As well, once a Special Project Order has been prescribed, employees who work under the collective agreement at the special project site are not able to vote to determine whether a trade union will be certified. In other words, a union is not able to use those unionized trades working at a Special Project site when they are attempting a certification drive of an otherwise non-union employer.
The impact of unionization in the construction industry
Non-union employers should be aware of the significant restrictions that unionization imposes:
- Lack of control over collective bargaining
The construction industry is generally divided into sectors or divisions. The sector in which the vast majority of construction industry work falls is the commercial and industrial sector. In the four Atlantic Provinces, the commercial and industrial sector (or division) is generally governed by collective agreements that have been negotiated by an accredited employers organization and the construction industry unions ("Accredited Employers Organization Collective Agreements"). Upon certification, the employer must apply the Accredited Employers Organization Collective Agreement to all industrial and commercial sector work that falls within the jurisdiction of the union(s) which certified the employer. In general, Accredited Employers Organization Collective Agreements tend to provide very generous benefits and wages and generally do not take into account the employer's size, the types of projects that the employer is engaged in, or the employer's competition.

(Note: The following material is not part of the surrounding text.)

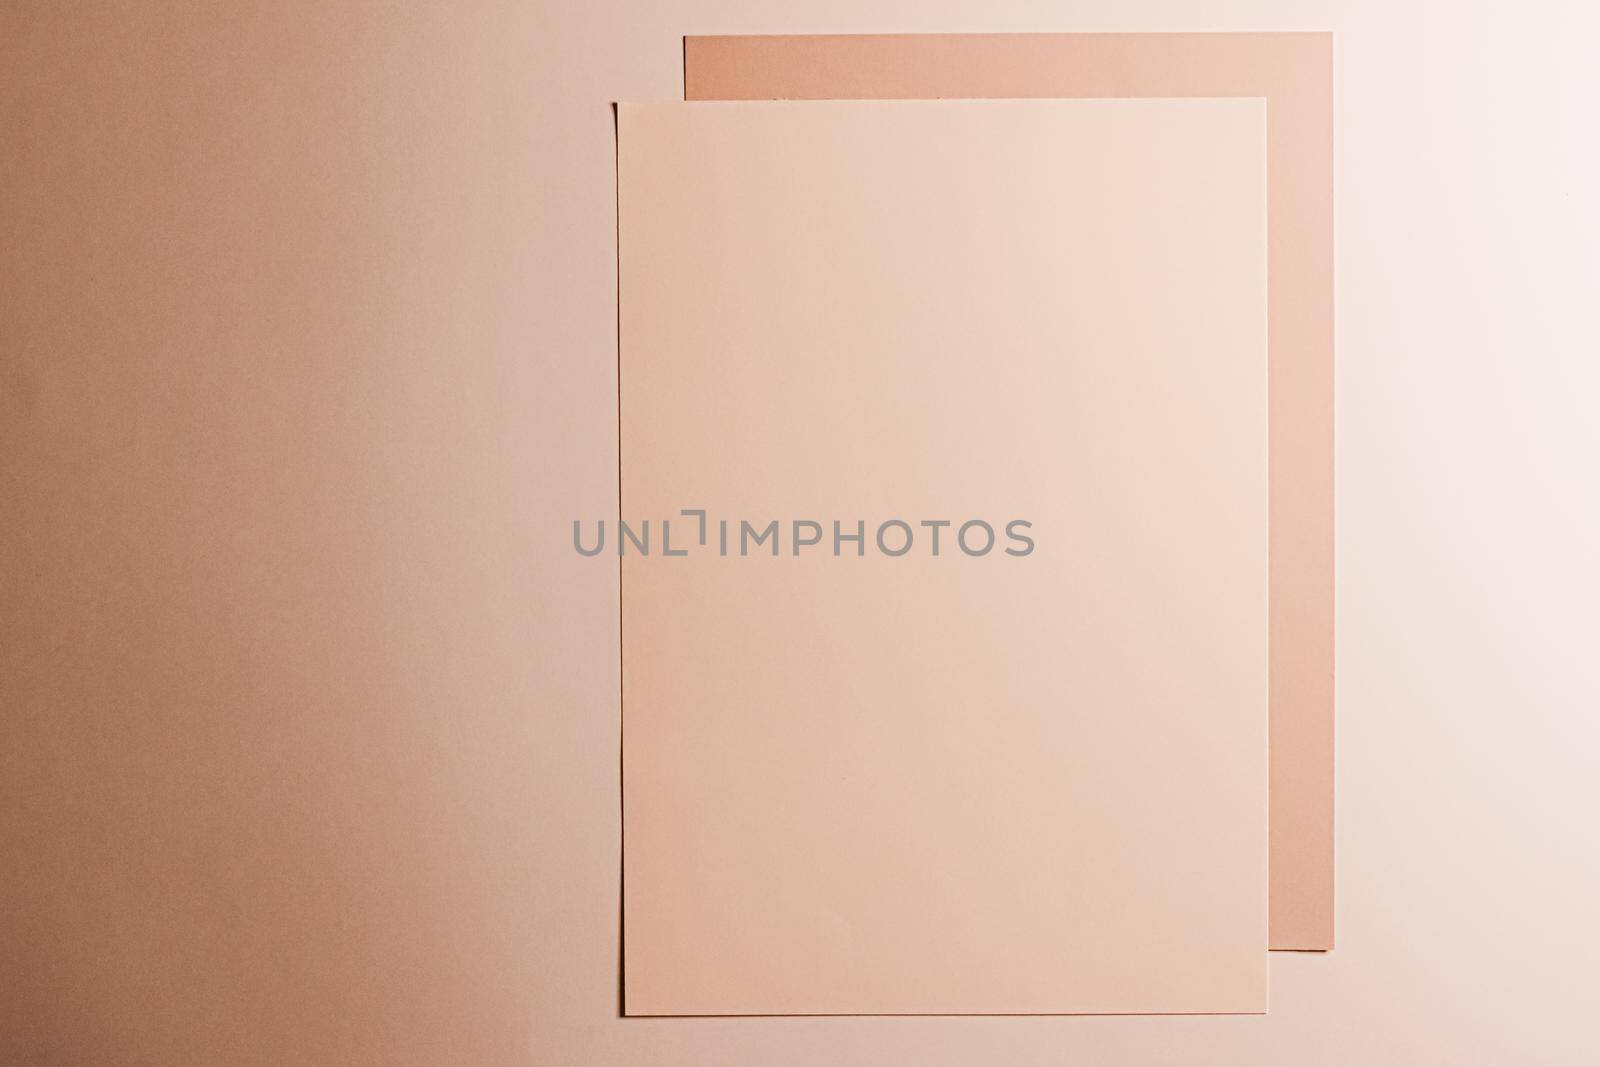 Beige A4 papers as office stationery flatlay, luxury branding flat lay and brand identity design for mockups
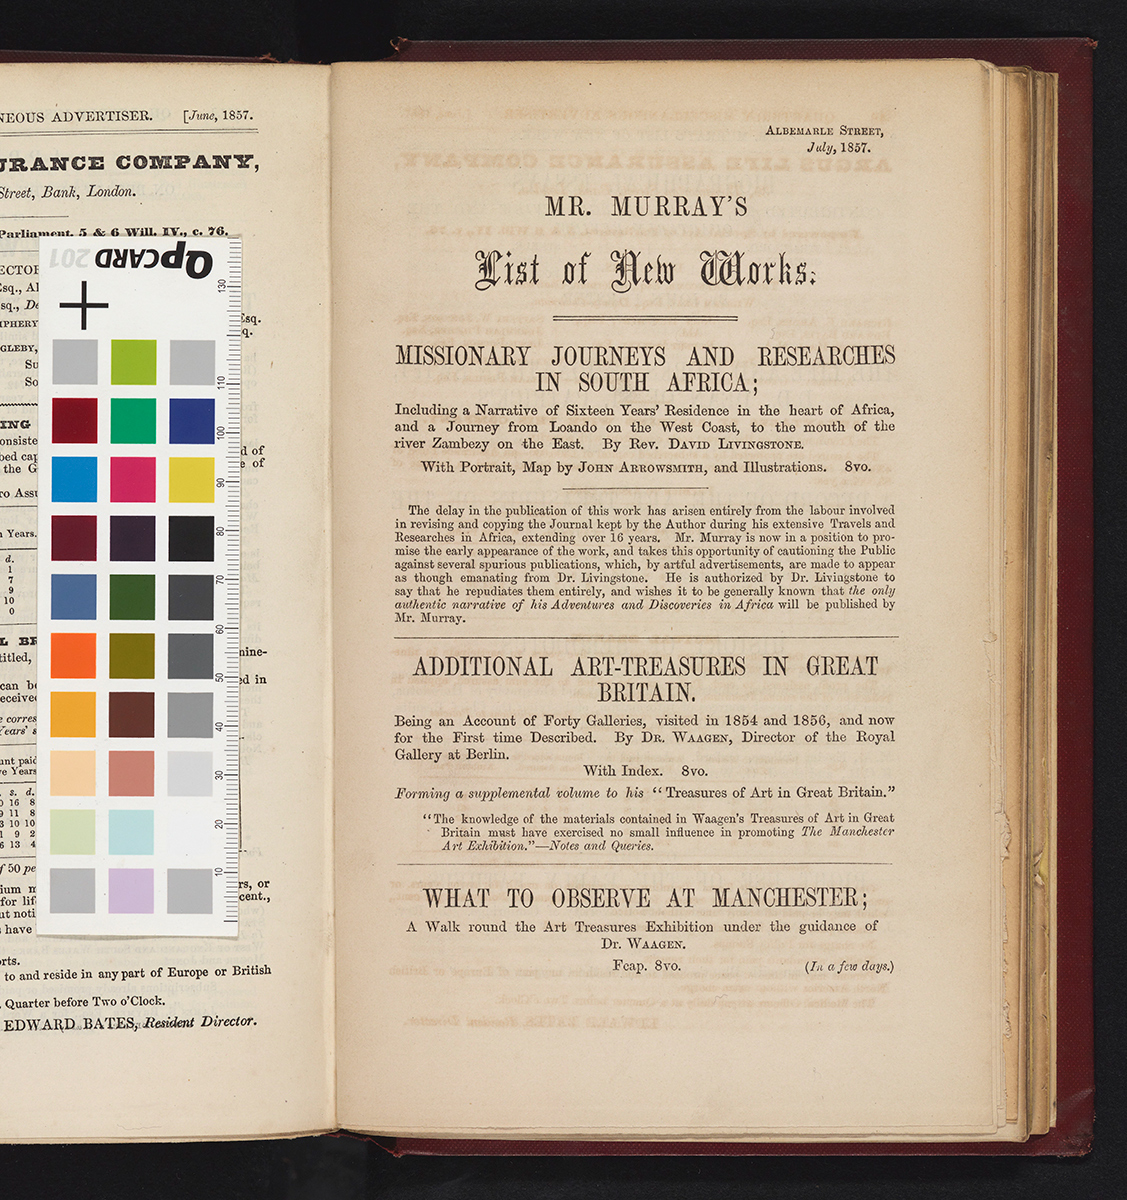 Trade Advert for Mr. Murray's List of New Works: Missionary Journeys and Researches in South Africa, Quarterly Review, 102 (July 1857-October 1857): July 1857, 1. Copyright National Library of Scotland. Creative Commons Share-alike 2.5 UK: Scotland (https://creativecommons.org/licenses/by-nc-sa/2.5/scotland/).

- Hiring hall based hiring
Generally, collective agreements in the construction industry provide for hiring hall type provisions that significantly restrict an employer's ability to "name hire" (i.e. hire the employees who were employed by the employer previous to the certification).
- Jurisdictional disputes
Construction industry unions often engage in work jurisdictional disputes (i.e. unions fight over work jurisdiction). Jurisdictional disputes are common in the construction industry because there are numerous work jurisdiction gray areas (e.g. stripping forms have been considered by Boards to be work normally performed by members of labourers and carpenters). Labour relations legislation in each Atlantic Province provides a dispute resolution process. However, jurisdictional disputes generally disrupt projects, upset employers' customers, and are expensive and time consuming to litigate.
- Expedited arbitration
The Nova Scotia Trade Union Act provides that when a dispute or difference arises which the parties are unable to resolve, they must agree by midnight of that day on the appointment of an arbitrator. If they cannot agree, the Minister of Labour and Workforce Development shall appoint an arbitrator and the decision of the arbitrator must be given within 48 hours of their appointment unless the parties agree to an extension.
In New Brunswick, there is also process for expedited arbitrations which either party can apply for by requesting that the Minister appoint an arbitrator. The arbitrator must begin hearing the case within 28 days. If requested to do so by the parties to the dispute, the arbitrator shall (a) if possible, issue an oral decision within one day after the conclusion of the hearing, and (b) issue to the parties and file with the Minister written reasons within 21 days after the conclusion of the hearing.
In Newfoundland and Labrador, there is a 48 hour arbitration option for jurisdictional disputes.
What this means to you
This article is not intended to provide a complete summary of the complicated rules that govern construction industry labour relations in the four Atlantic Canadian provinces. However, the above summary demonstrates that non-union employers in the construction industry should be mindful of the risk of certification and seek advice on strategies that lessen the likelihood of certification but do not run afoul of labour relations legislation.